There’s strong resentment among older Chinese in America that affirmative action costs their children college places. In China, meanwhile, that’s mixed with a contempt for Africans, and African-Americans, for what’s assumed to be their self-inflicted poverty and cultural backwardness. It’s not that a racial hierarchy is wrong, in this worldview, but that the Chinese should be recognized as at least equal to whites within it. The notion goes back to the late 19th-century reformer and utopian philosopher Kang Youwei, who called for the “white and yellow races” to come together to dominate and exterminate the black and brown.
In the United case, this has manifested in the popular comment on Chinese social media that “They would never have done this to a black person!” The logic here goes like this: Americans are sensitive about racism—but only against blacks, not against the (more deserving) Chinese. American security forces would thus never dare to beat up innocent black people, only the hapless Chinese. (The answer to the obvious question is that in all those videos where American police kill black people, they deserved it.)
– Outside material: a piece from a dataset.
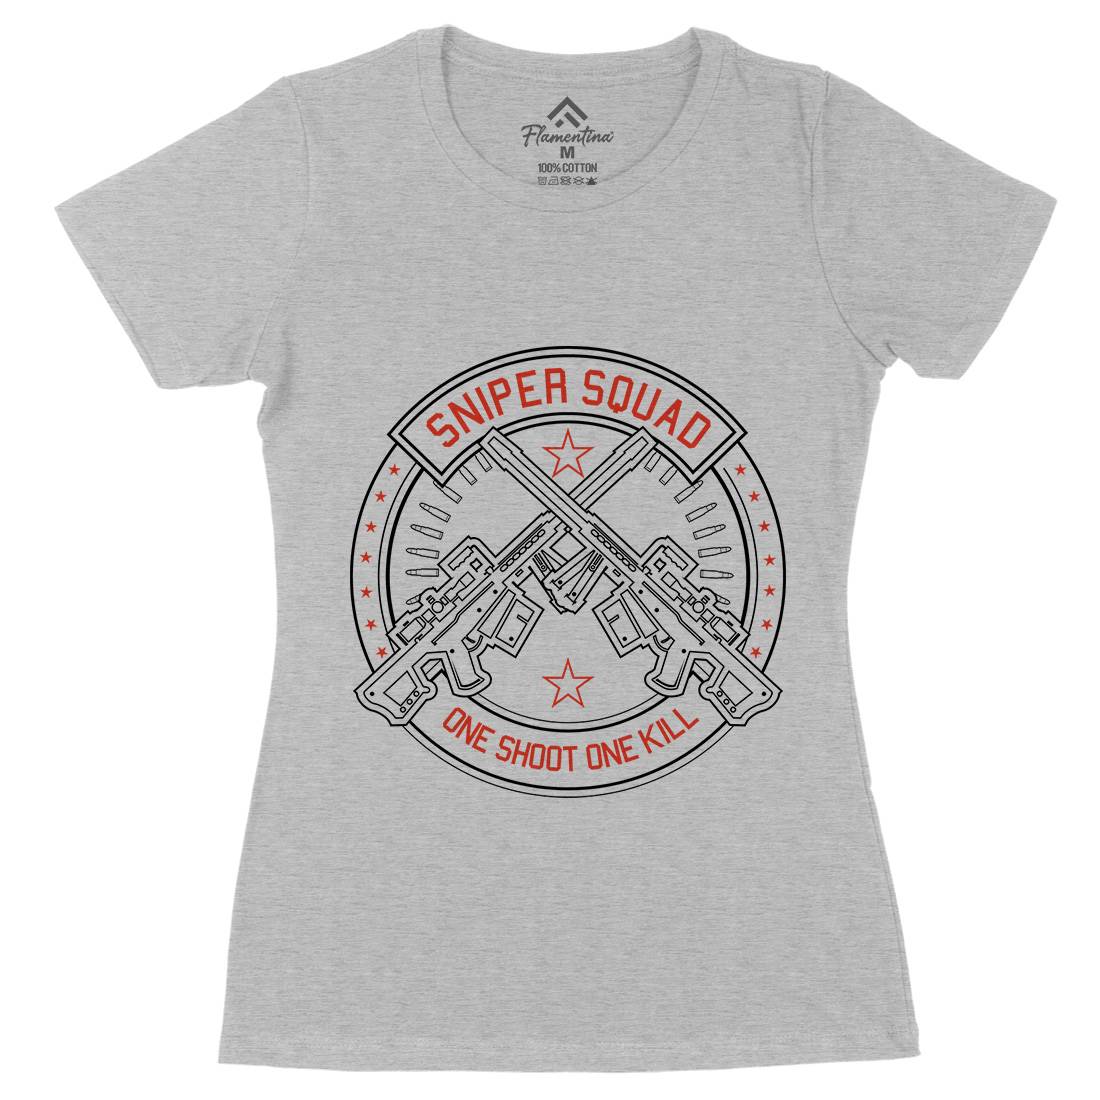 Sniper Squad Womens Organic Crew Neck T-Shirt Army A279

But race isn’t the only reason for the video’s massive spread. For the last decade, the Chinese Internet has been wracked by civil war over America, with one side increasingly aided by the heavy artillery of censorship. To listen to one side, the United States is the home of all things good: freedom, clean air, a welfare state (Europeans may boggle a little bit at this thought, but in comparison with China, the United States is a paragon of Scandinavian generosity to its needy), and pornography on tap.
To listen to the other, the United States is hypocritical, torn by racial and political strife, crime-ridden, and, on top of all that, far too expensive. In both cases, the real subject under discussion is often the Chinese government and how inferior or superior it is to the U.S. system. After reading a few thousand of these comments, I am always inclined to proclaim the virtues of, say, Belgium.
It’s against this backdrop that the video took on its ideological power. The arbitrary use of force is common in China, particularly in the countryside and among the poor. The police themselves are rarely the main instigators; instead, the brunt of everyday thuggery is done by the chengguan—urban militia tasked with cleaning up the streets, whose job regularly brings them into conflict with small traders and stall owners. In this recent video, for instance, a chengguan is casually smashing up people’s property.
Apart from the chengguan, private security forces, or bao’an, do their share of thuggery. Videos showing uniformed brutes kicking some poor peddler’s teeth in regularly flare online—inevitably accompanied by comments that this wouldn’t happen in the United States.
For the anti-Americans, therefore, the United video was a gift.
This might all seem inconsequential squabbling, but it’s taken very seriously by the Chinese Communist Party. Belief in the American way—however naïve—is one of the only remaining forces that can unite large swaths of Chinese across the nation against the party line. The authorities can crush churches, block environmental groups, and imprison lawyers, but they can’t end the cultural hold of America over the mind of a huge number of Chinese.
Thus, the two narratives around the United video come together neatly to serve the authorities’ ends. Not only is America hypocritical and violent, but it will never treat Chinese with the respect they deserve. Hence the video will, inevitably, be backed up by newspaper editorials proclaiming this line until the whole affair is forgotten by the weekend after next—but leaving, thankfully for the government, another trace of animus in the recesses of the public mind.